It would be nice if the second game was a lot more competitive,but I have the feeling it might be just as bad.


----------



## P-Dub34 (May 19, 2005)

What a disappointing night. A game that was over by the midway part of the second quarter and a Lakers/Suns tilt without Bryant.


----------



## Mateo (Sep 23, 2006)

that has to be the biggest season opener blowout of all time... right?


----------



## Sunsfan81 (Apr 17, 2006)

:clap: nice shooting so far


----------



## Sir Patchwork (Jan 12, 2005)

Bynum looking good early. He is so tall and lengthy, but also has coordination and a feel for the game. Suns offense rolling as usual.


----------



## Diable (Apr 26, 2005)

I forget that it's Nash out there without his Chris Kaman hairstyle.


----------



## Yao Mania (Aug 4, 2003)

Sasha Vujacic, Smush Parker, Luke Walton, Lamar Odom, and Andrew Bynum. That is quite possibly the worse starting line-up in Season-opener history.

Casual fans must be watching this game and asking themselves if they're really watching the Lakers.


----------



## Yao Mania (Aug 4, 2003)

Diable said:


> I forget that it's Nash out there without his Chris Kaman hairstyle.


Nash's pretty boy hair was much better than Kaman's mop head


----------



## Aurelino (Jul 25, 2003)

Sir Patchwork said:


> 108 points by the Bulls with their best scorer, Ben Gordon, having a dreadful offensive game (1-9 FG). I think the questions about their offense are a bit overstated because of how good their defense is. Much like the Pistons of a few years ago. This team is beginning to take on a similar identity.


One game doesn't answer all the questions. We will see how the Bulls do against better defenses.


----------



## BullSoxChicagosFinest (Oct 22, 2005)

Don't know much about Bynum, but lol, just to repoint out how much Yahoo! Fantasy rankings suck, Luke Schenscher (cut yesterday) was ranked above Bynum


----------



## Sunsfan81 (Apr 17, 2006)

Amare is back which worries me since he's still not 100%


----------



## mjm1 (Aug 22, 2005)

the suns have missed one shot in the first 5 minutes of the game.


----------



## dubc15 (May 15, 2004)

omg.. lakers have horrible defense. and lakers need to get bynum the ball, he's getting great position.


----------



## Sunsfan81 (Apr 17, 2006)

26-12 :clap:


----------



## OneBadLT123 (Oct 4, 2005)

This Laker team is just sucking. Damn Kobe...


----------



## dubc15 (May 15, 2004)

omg, suns will score 50 points in the 1st quarter


----------



## Yao Mania (Aug 4, 2003)

28pts within the 1st 7mins of the 1stQ. Looks like the Suns haven't missed a beat.


----------



## OneBadLT123 (Oct 4, 2005)

Flop by one of the masters


----------



## Yao Mania (Aug 4, 2003)

Nash for MP3! :biggrin:


----------



## Pay Ton (Apr 18, 2003)

Damn.

What an absolute slaughter by the Bullies. I enjoyed every minute though.

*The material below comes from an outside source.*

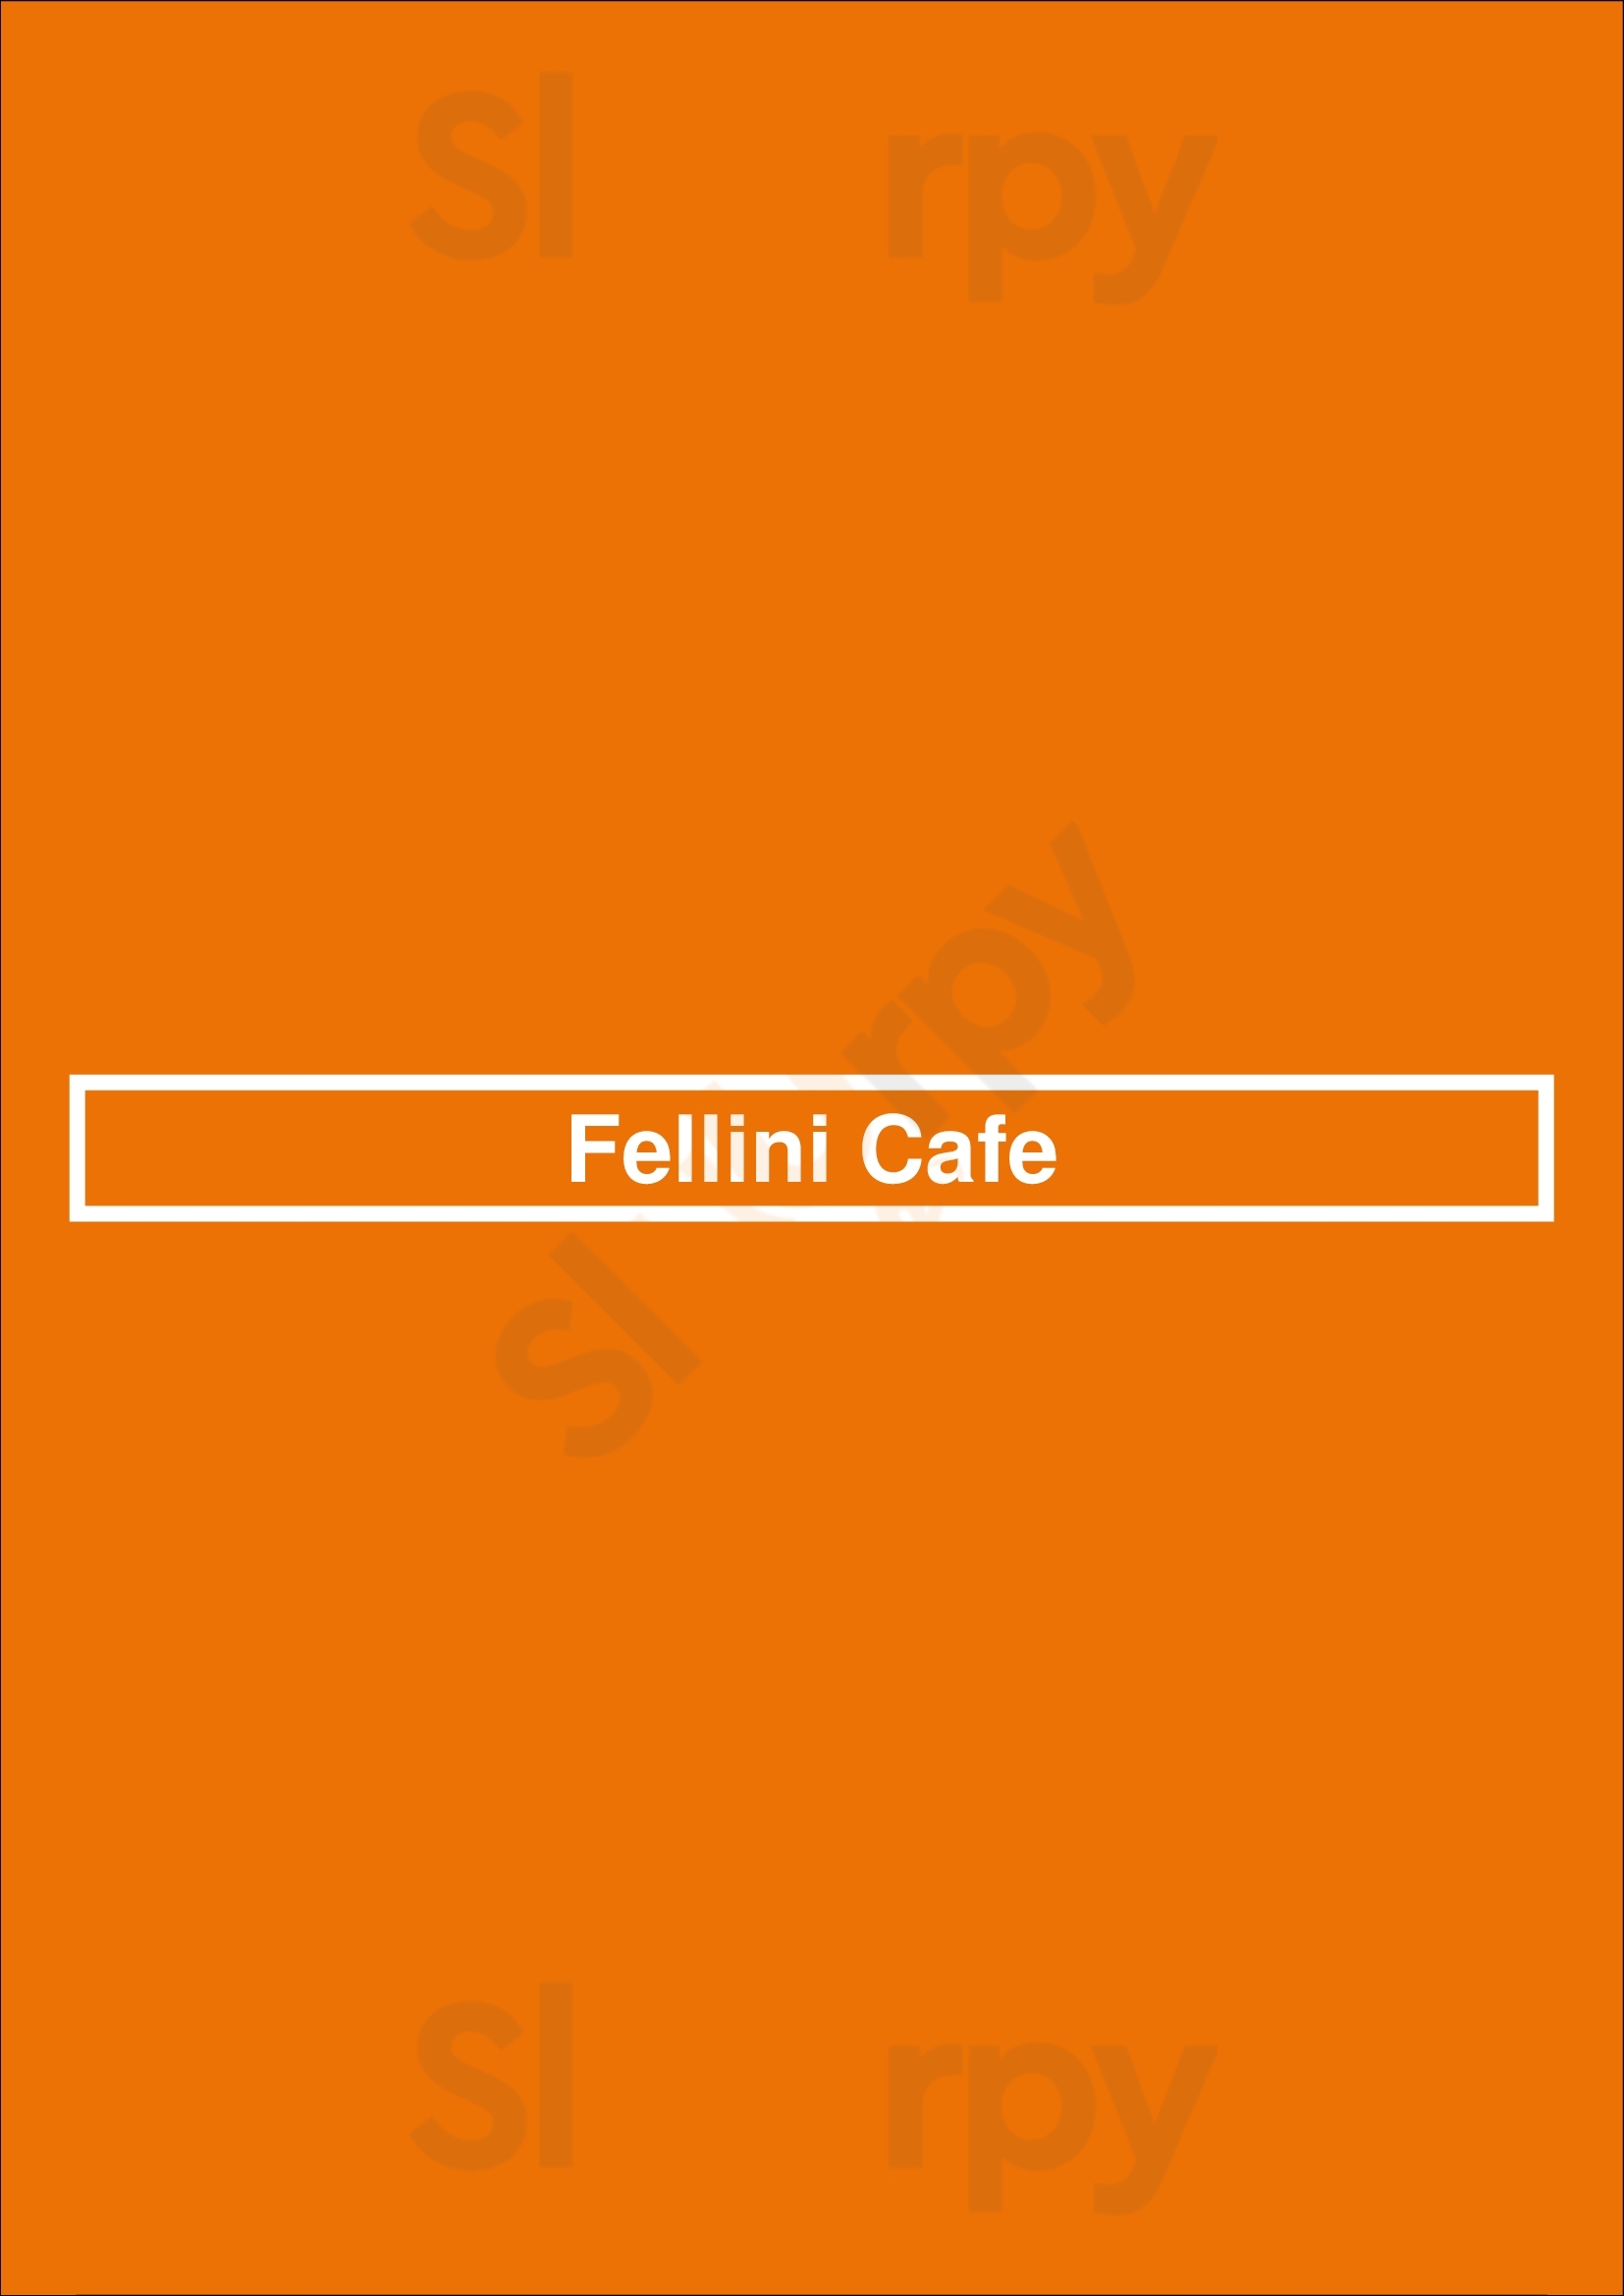 Fellini Cafe West Chester Menu - 1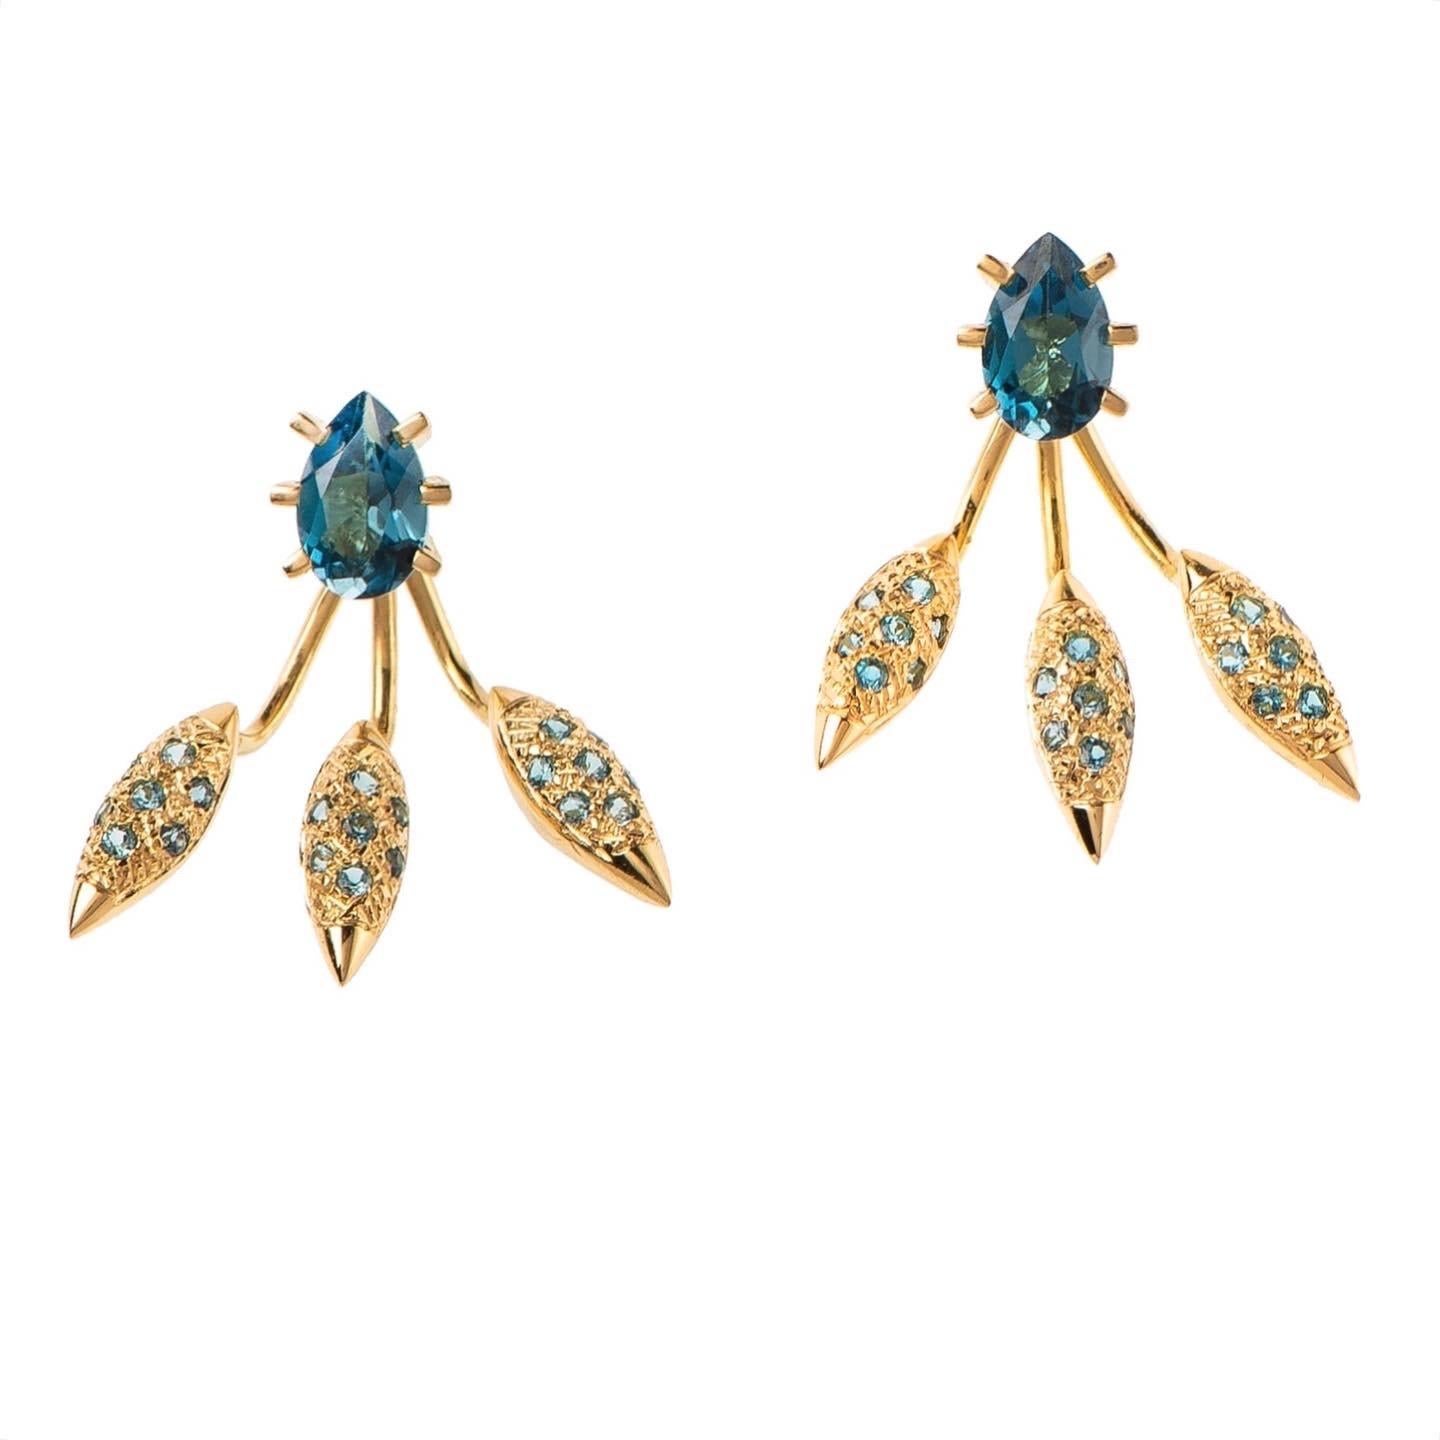 Maria Kotsoni, Contemporary 18K Gold & London Blue Topaz Ear Jackets / Studs

I mean...42 points? I don't think we've beat a team that bad in the last five years.

I hope Duhon is alright. And I hope the Bulls have enough to not start off slow tomorrow against an overlooked Orlando squad.

Let's go Bulls.

And here's hoping this Phoenix/L.A. game is more entertaining.


----------



## mjm1 (Aug 22, 2005)

In 7 minutes, the suns have eclipsed the Heats scoring output of one half.


----------



## JT (Mar 1, 2004)

Amare on the bench? That doesn't seem right.


----------



## Yao Mania (Aug 4, 2003)

its not like they need Amare. The Suns can rest Amare, Nash, Marion, Diaw and still beat the Lakers tonight.


----------



## MLKG (Aug 25, 2003)

The Radman's haircut is absolutely fantastic.


----------



## Sunsfan81 (Apr 17, 2006)

crap, lead down to 6 :curse:


----------



## JRose5 (May 4, 2003)

I like Bynum's game.
Lakers are hanging in there for not having Kobe.


----------



## hobojoe (Jun 20, 2003)

By no means do I mean to be insensitive or poke fun at Ernie Johnson's lymphoma or anything, but doesn't he look strikingly similar to James Carville without hair?


----------



## mjm1 (Aug 22, 2005)

How are they doing this without Kobe, Mihm, Kwame, etc.


----------



## B-Scott (Jan 17, 2006)

Smush parkers time as a starter will come to a end very soon. The Lakers defensive energy was much better with Sasha and Farmar in at the same time. Smush simply does not hustle on defense. Offensively,his basketball IQ is why he was cut by 3 teams.


----------



## Sir Patchwork (Jan 12, 2005)

Suns will probably run away with this one at some point, but the real story of this game is seeing how Stoudemire plays, and for me atleast I'm enjoying seeing the progress of the young big man Andrew Bynum. He looks like he could be a near all-star center in a few years if he stays with Kareem.


----------



## Cap (Nov 5, 2003)

lmao, how are the the Suns not blowing out the Lakers who have three starters out? I'll be happy if they lose by 10.


----------



## B-Scott (Jan 17, 2006)

The Laker guards need to have better basketball IQ. Recognize who is playing well right now. Lamar and Bynum can dominate the Suns down Low. Sasha needs to stop shooting those 35 footers. Smush needs to allow Bynum and Lamar to post up and feed them. Smush at times,plays way to fast.


----------



## Bartholomew Hunt (Mar 4, 2003)

It's not like the Suns we're going to shoot 70+% all game. I expected the Lakers to make a surge. I just think our youth, inexperience, and overall lack of chemistry will cause a big loss. At least we kept it interesting for a little bit. Andrew Bynum has potential. Maybe not superstar potential, but he can make things happen in the league if he keeps working with Kareem.


----------



## Cap (Nov 5, 2003)

B-Scott said:


> The Laker guards need to have better basketball IQ. Recognize who is playing well right now. Lamar and Bynum can dominate the Suns down Low. Sasha needs to stop shooting those 35 footers. Smush needs to allow Bynum and Lamar to post up and feed them. Smush at times,plays way to fast.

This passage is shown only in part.